Missione e vita contemplativa: online la nuova rubrica “Voci dai monasteri”

Venuti da lontano per trovare il Messia, i Re Magi hanno fermato i loro passi davanti alla Grotta di Betlemme e si sono messi in adorazione davanti a Gesù. Nel giorno dell’Epifania, che segna anche la Giornata Missionaria dei Ragazzi (GMR), si inaugura la nuova rubrica “Voci dai monasteri”, che nasce con l’obiettivo di far conoscere ai giovani (e meno giovani) l’importanza della dimensione contemplativa e la centralità della Parola di Dio nella vita missionaria, personale e comunitaria.

di sr. Emanuela Roberta*, sorella clarissa, e sr. Maria Rosa**, sorella missionaria

Quale potrà essere il simbolo che rappresenta la relazione tra le sorelle che vivono in monastero e le sorelle che vivono negli sperduti villaggi del deserto, della foresta, della savana, o nei grandi agglomerati e nelle baraccopoli del mondo? Il mappamondo potrebbe essere questo simbolo, perché la monaca deve avere costantemente davanti ai suoi occhi tutta l’umanità, simbolizzata nel mappamondo e abbracciarla con la sua preghiera e l’offerta di sé stessa a Dio per l’umanità intera.

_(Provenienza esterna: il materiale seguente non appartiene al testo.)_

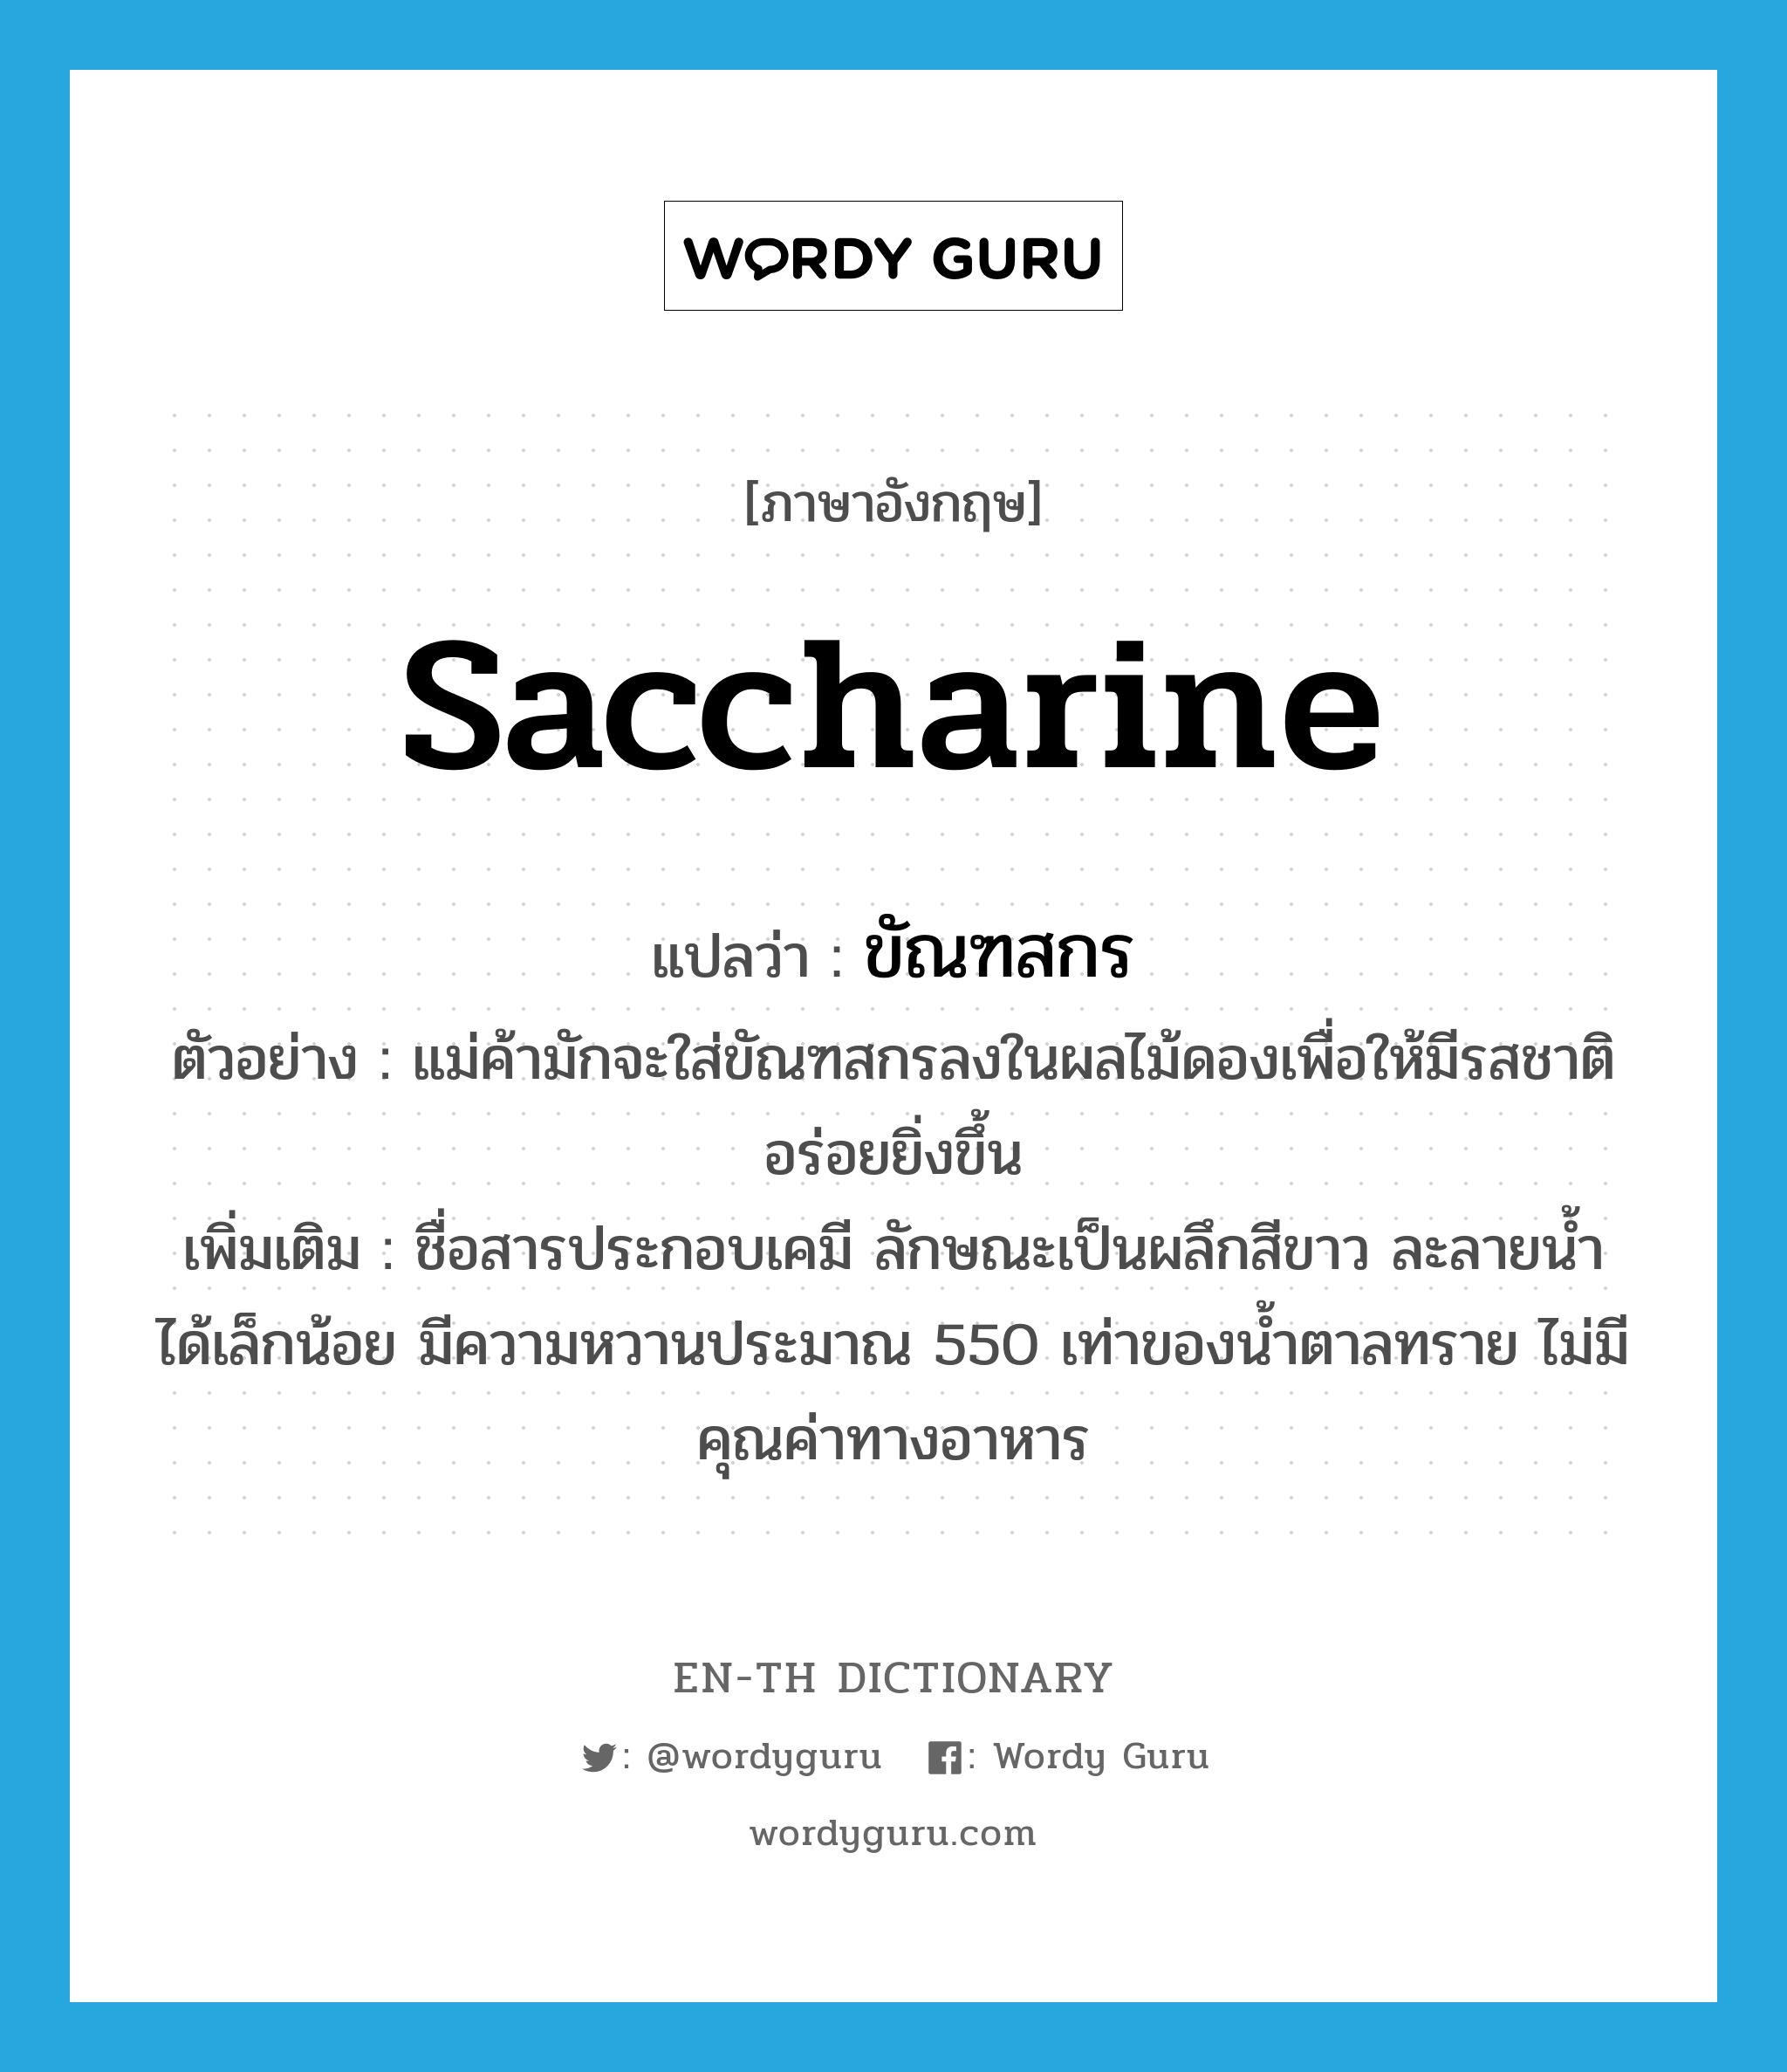 saccharine แปลว่า?, คำศัพท์ภาษาอังกฤษ saccharine แปลว่า ขัณฑสกร ประเภท N ตัวอย่าง แม่ค้ามักจะใส่ขัณฑสกรลงในผลไม้ดองเพื่อให้มีรสชาติอร่อยยิ่งขึ้น เพิ่มเติม ชื่อสารประกอบเคมี ลักษณะเป็นผลึกสีขาว ละลายน้ำได้เล็กน้อย มีความหวานประมาณ 550 เท่าของน้ำตาลทราย ไม่มีคุณค่าทางอาหาร หมวด N

Ognuna di loro infatti, sia nella preghiera liturgica che nell’orazione silenziosa, dice sempre al suo Signore: “Ti cerco, ti supplico, ti adoro, perché mi sollecitano i fratelli e le sorelle del mondo intero”.

I fratelli e le sorelle chiamano dal dolore delle famiglie divise e spezzate, dall’instabilità politica ed economica, dal dramma dell’immigrazione, dalla pandemia da Covid-19, dalla crudeltà delle guerre e violenze senza fine, dalle moderne schiavitù che attanagliano la vita di tante giovani e bambini.

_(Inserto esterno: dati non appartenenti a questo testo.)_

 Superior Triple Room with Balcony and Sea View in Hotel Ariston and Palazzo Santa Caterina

È la stessa chiamata che avvertono nel loro intimo i missionari e le missionarie che partono per terre lontane. Essi vogliono rispondere a popoli di diverse etnie, religioni, culture, che chiedono di conoscere Gesù Cristo e il suo Vangelo. Paradossalmente la vocazione missionaria e quella monastica sono le più vicine e le più simili, due punti che si congiungono sulla circonferenza.

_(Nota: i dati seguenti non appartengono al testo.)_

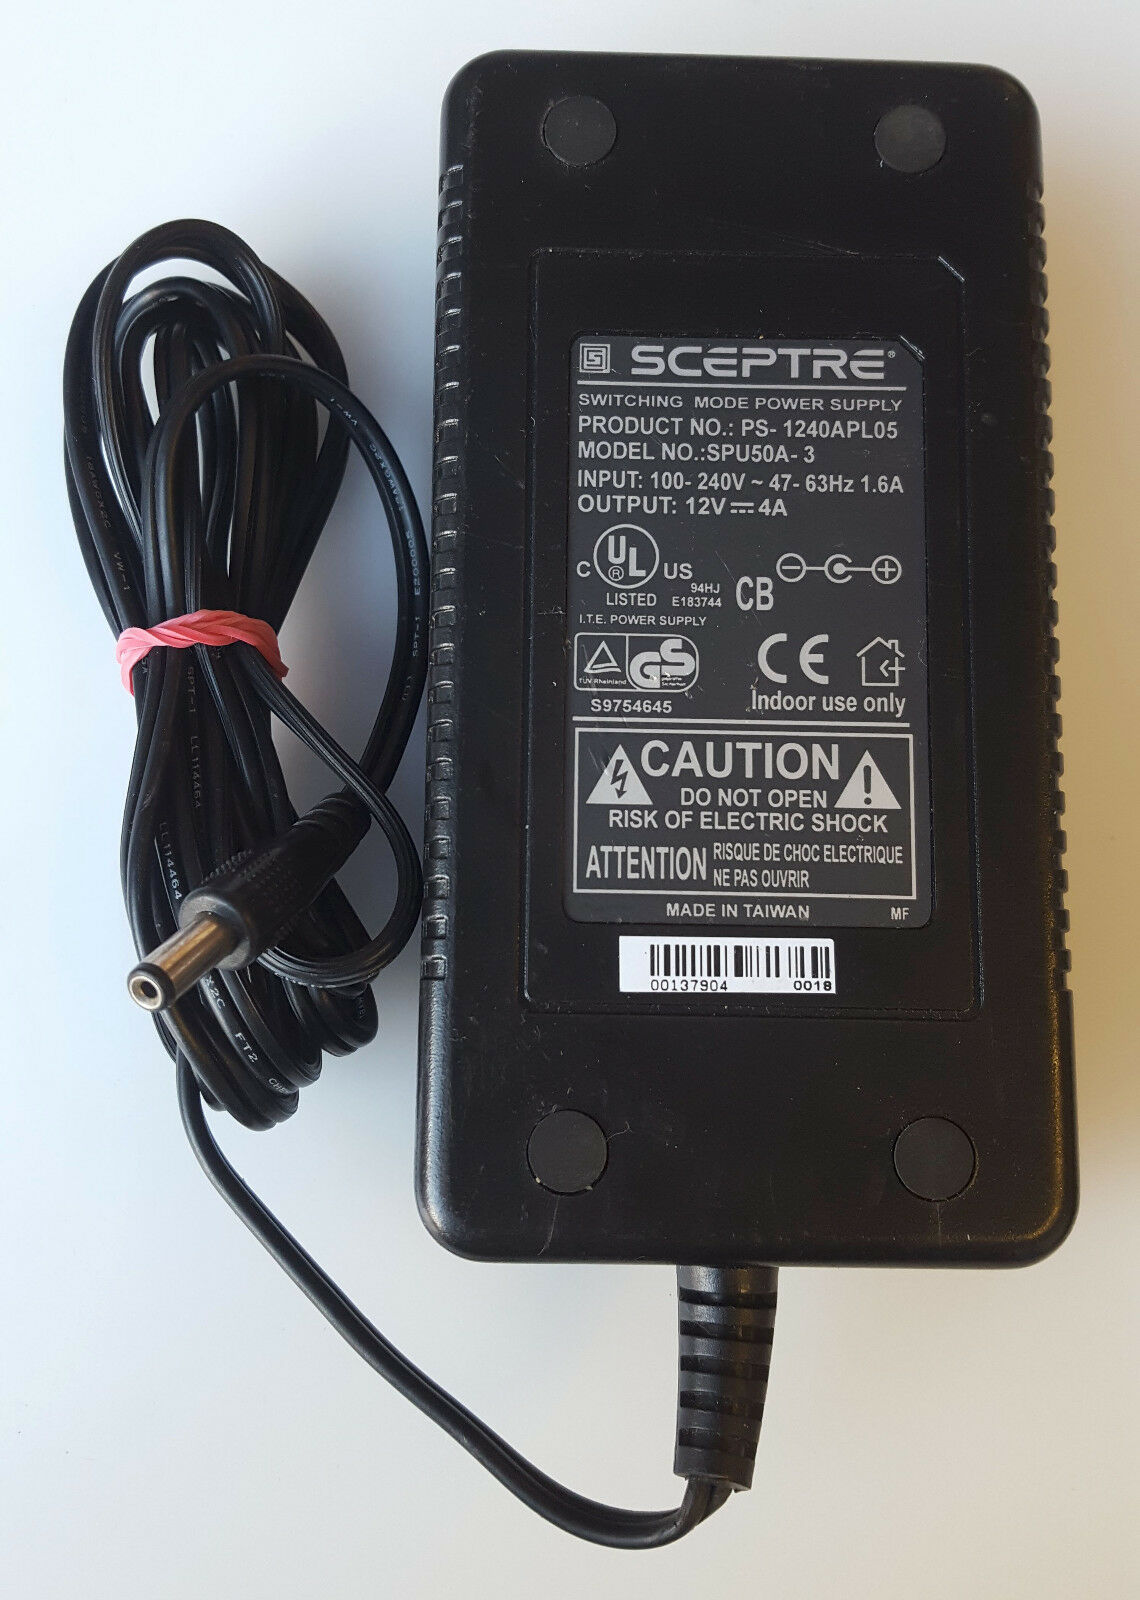 New SCEPTRE SPU50A-3 12V 4.0A PS-1240APL05 AC/DC POWER SUPPLY ADAPTER - Click Image to Close

Missione e vita contemplativa: la gioia della radicalità

Ogni monaca, come ogni missionaria, potrebbe affermare che la sua scelta vocazionale si è giocata proprio su questo confine: “Entrare in monastero, o andare in missione?”

Lo stare e il partire hanno infatti una radice comune: la radicalità. Il monastero e la missione esigono gli stessi distacchi, gli stessi sacrifici, lo stesso dono di sé stessi duraturo e totalizzante come lo è l’amore. Accomunati dalla stessa attrattiva di dare tutto e per sempre, le monache e le missionarie si comprendono a vicenda senza fatica e senza incertezze. Così come anche i monasteri trapiantati in terre di prima evangelizzazione, sperimentano la radicalità di una scelta, che li rende vicini al popolo tra cui vivono, implorando per tutti dal Signore salvezza e una vita dignitosa piena.

L’intimo legame della vita contemplativa con la missione è stato ulteriormente rafforzato quando una giovane carmelitana, Teresa di Lisieux, è stata proclamata patrona delle missioni.

Teresa di Lisieux, patrona delle missioni

San Daniele Comboni aveva più di 200 monasteri che pregavano per lui, missionario e vescovo in Africa Centrale, nel non lontano 1880. Così come una sorella missionaria scriveva anni fa a una comunità di monache: “In ogni situazione difficile da affrontare io mi rivolgo a voi; se non con lo scritto, in spirito di preghiera, sull’onda divina della Comunione dei Santi che voi più di altri captate e vivete”.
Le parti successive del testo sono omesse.